■ DATA BELOW ■
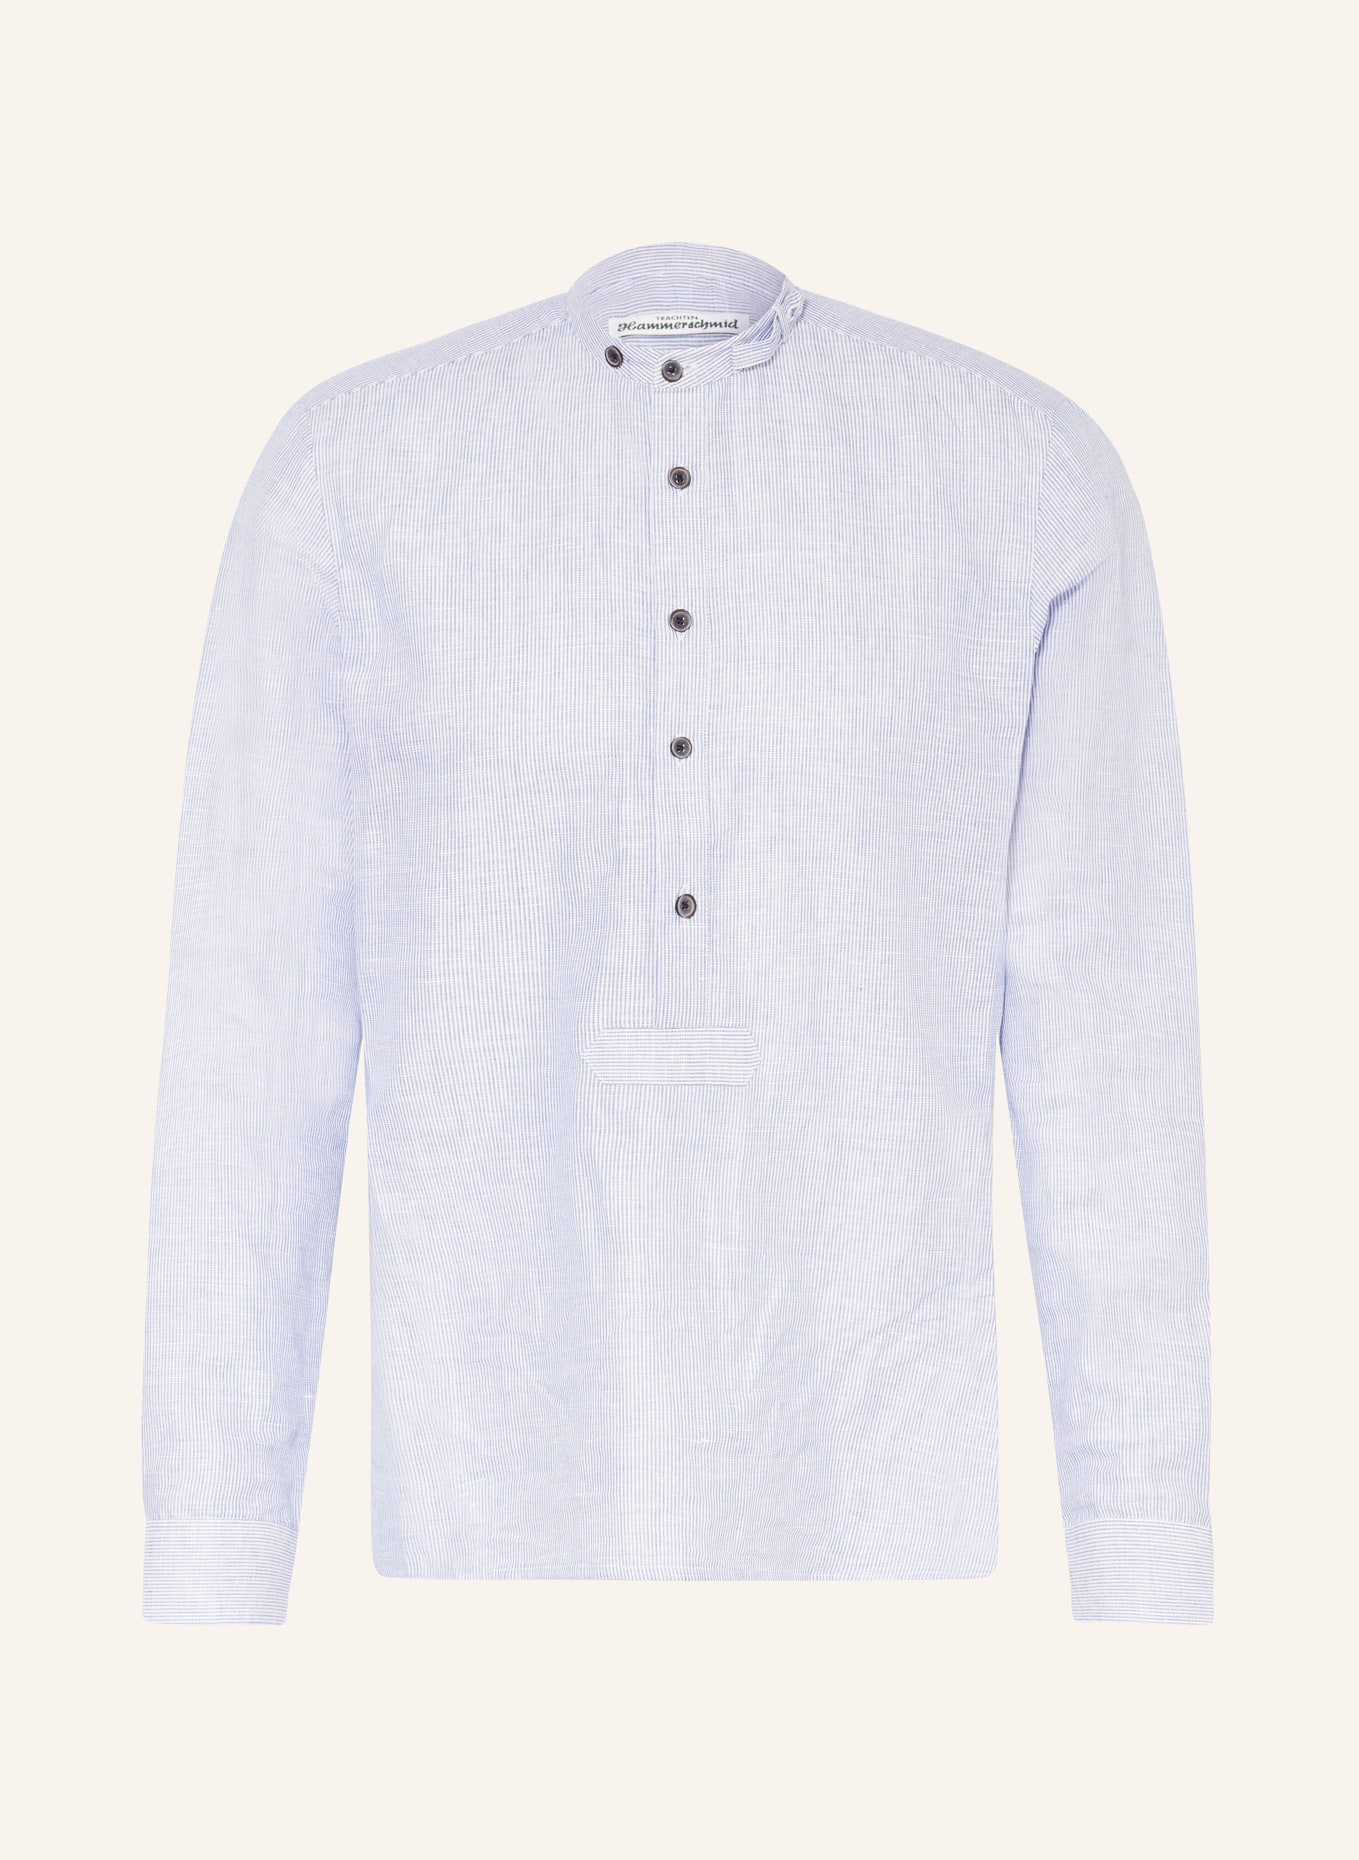 Hammerschmid Trachten shirt PFOAD regular fit, Color: WHITE/ LIGHT BLUE (Image 1)
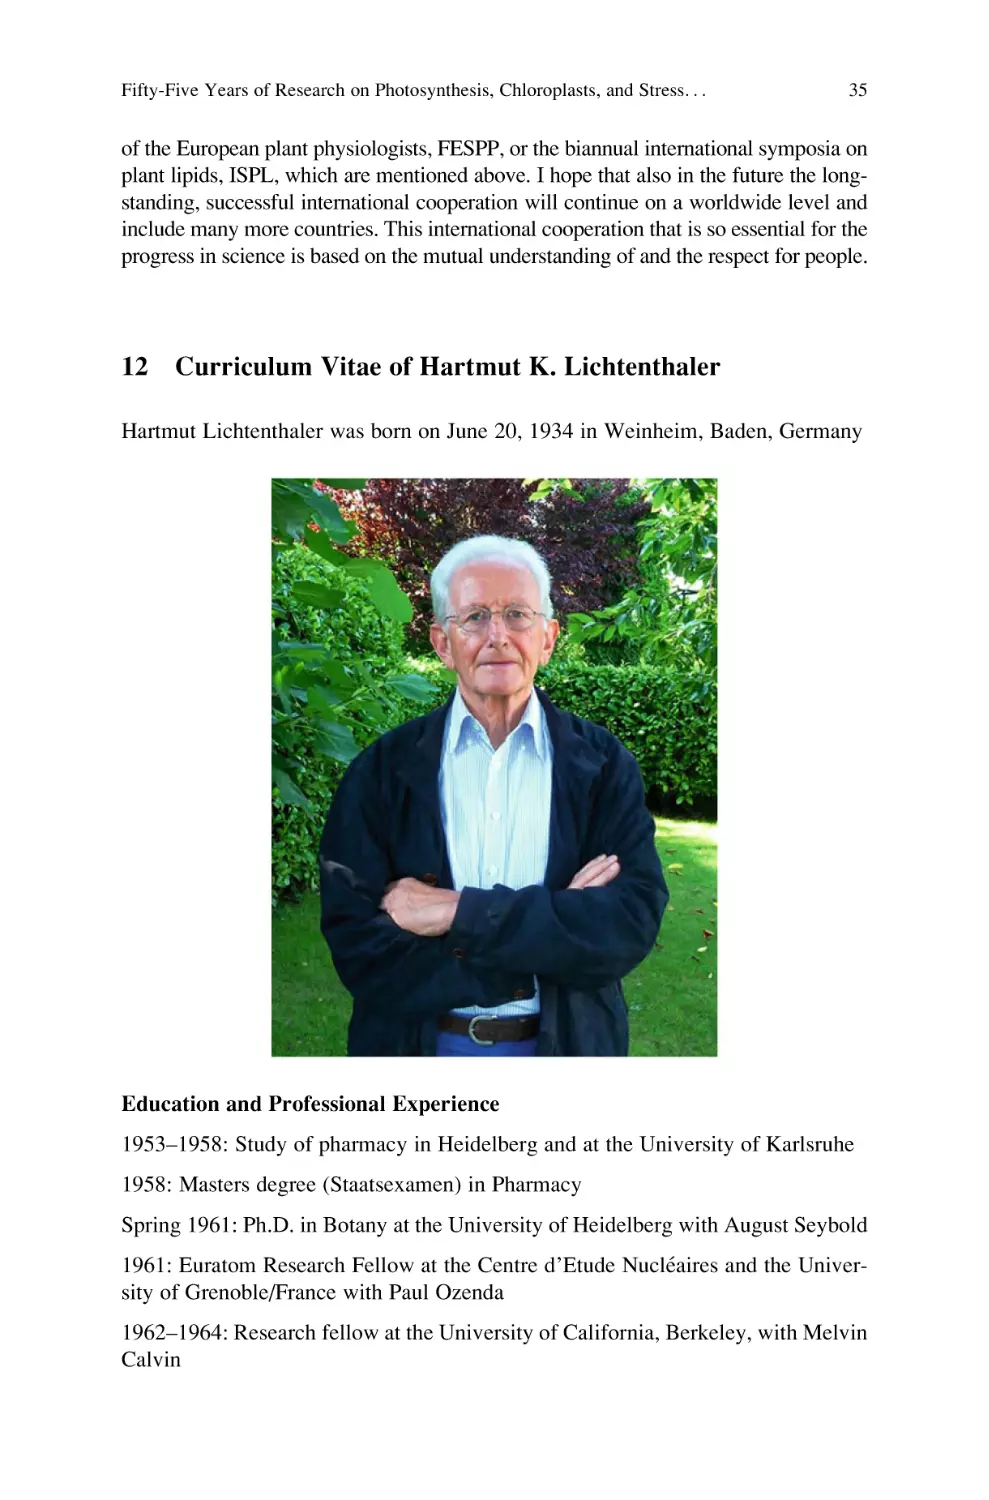 12 Curriculum Vitae of Hartmut K. Lichtenthaler
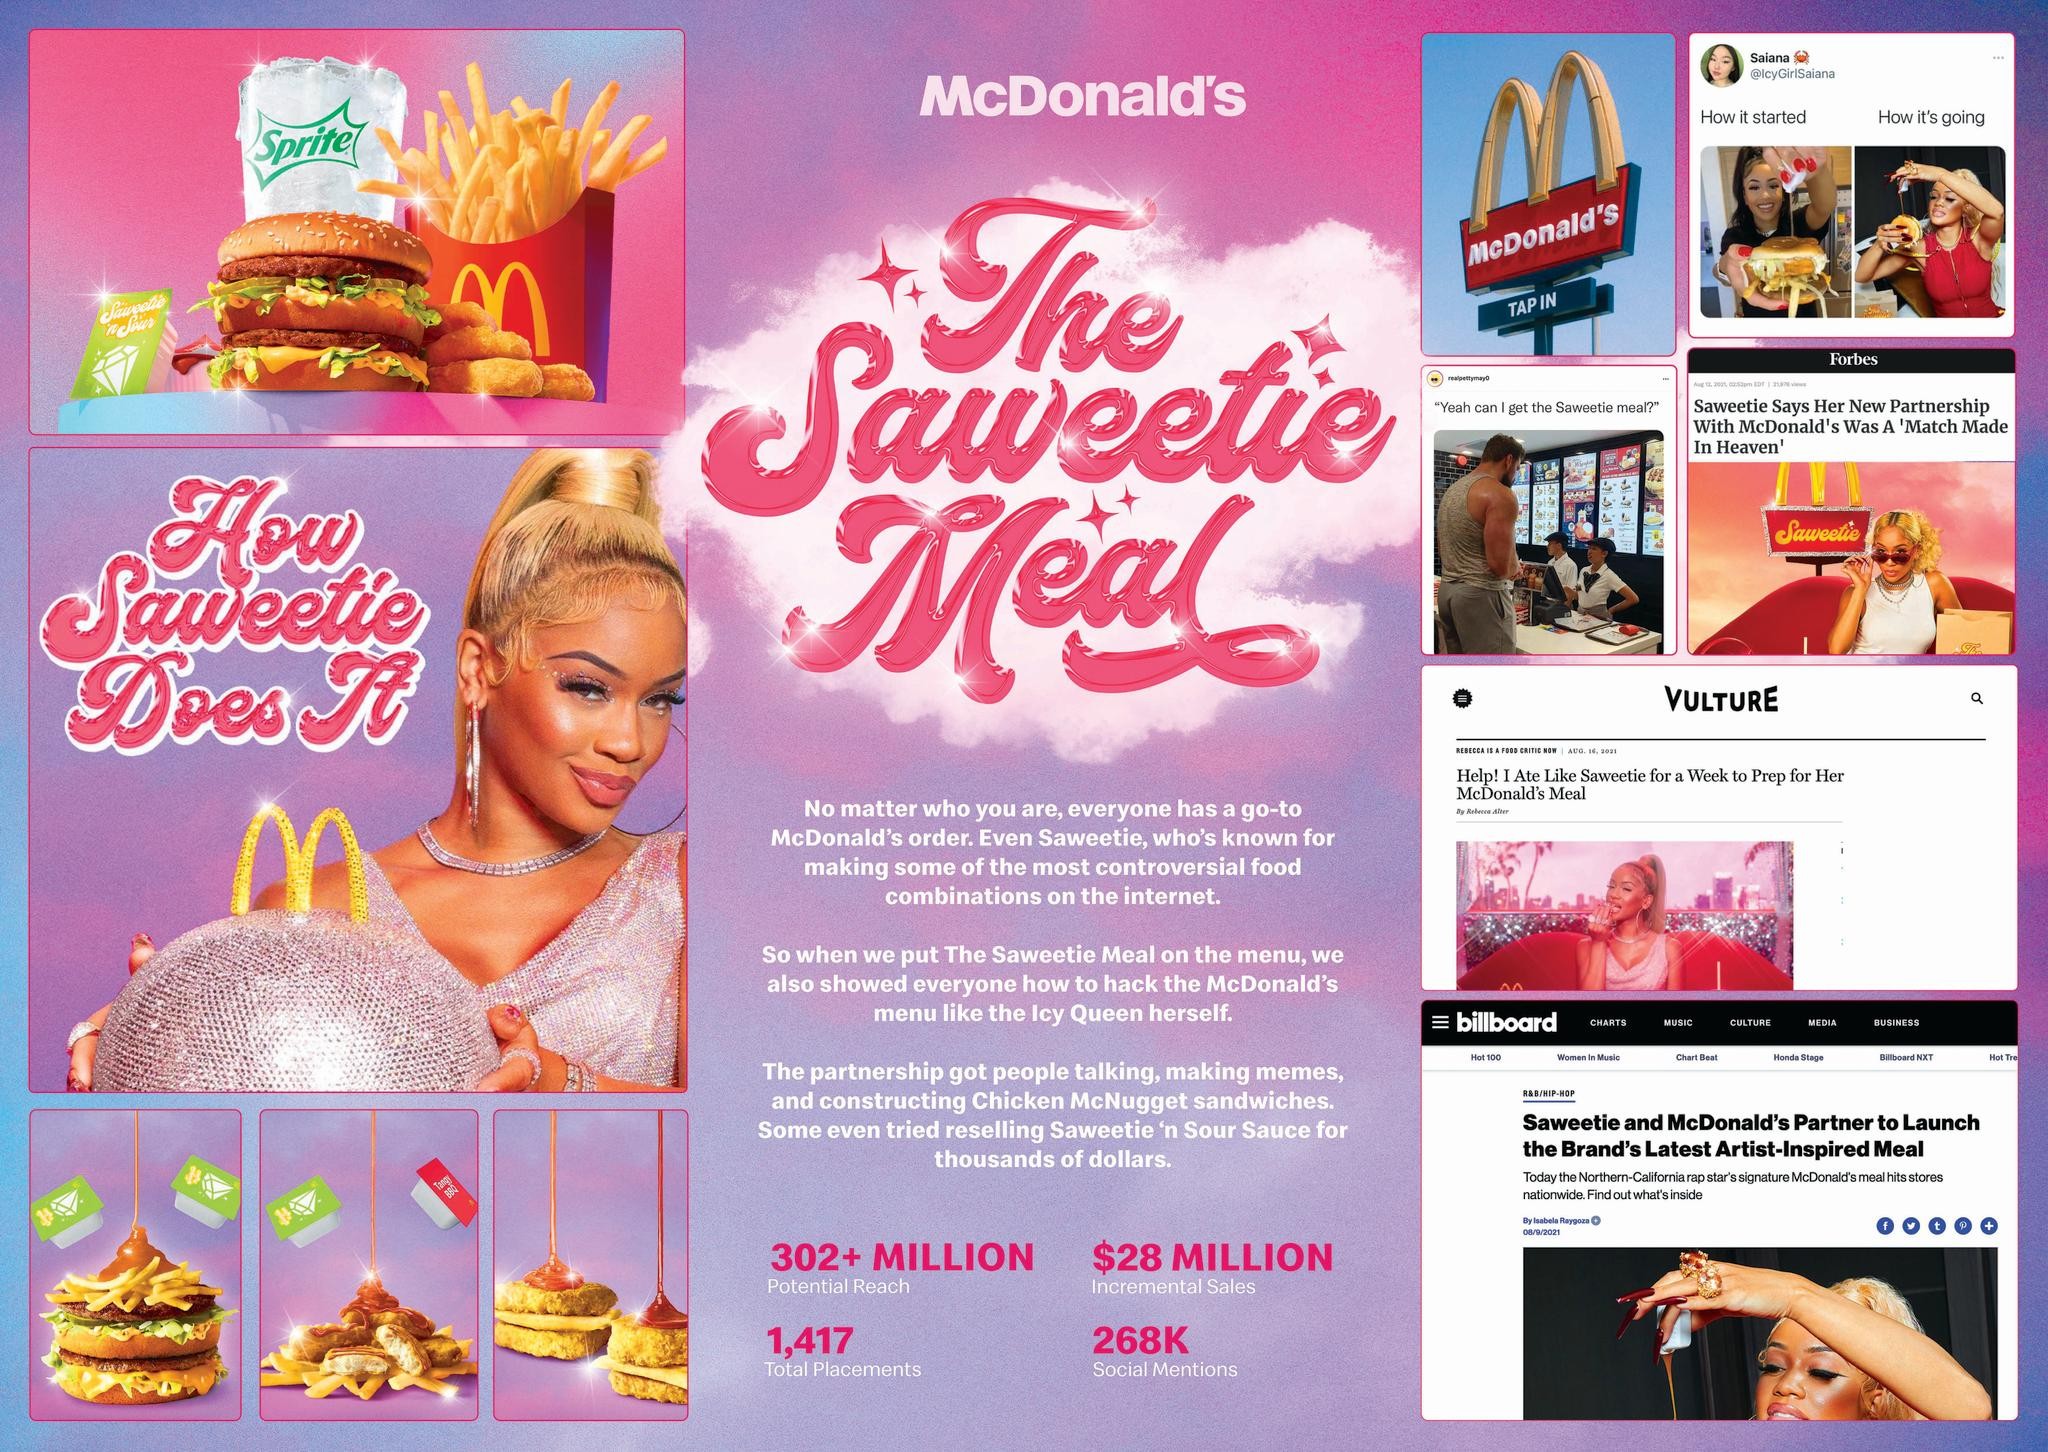 McDonald's: The Saweetie Meal

■ TASK ■
What you return should be the exact lines from the one containing "12 Curriculum Vitae" through the end of the listing above, both included, minus any pictures.

■ EXERCISE SOLUTION ■
 12 Curriculum Vitae of Hartmut K. Lichtenthaler
 McDonald's: The Saweetie Meal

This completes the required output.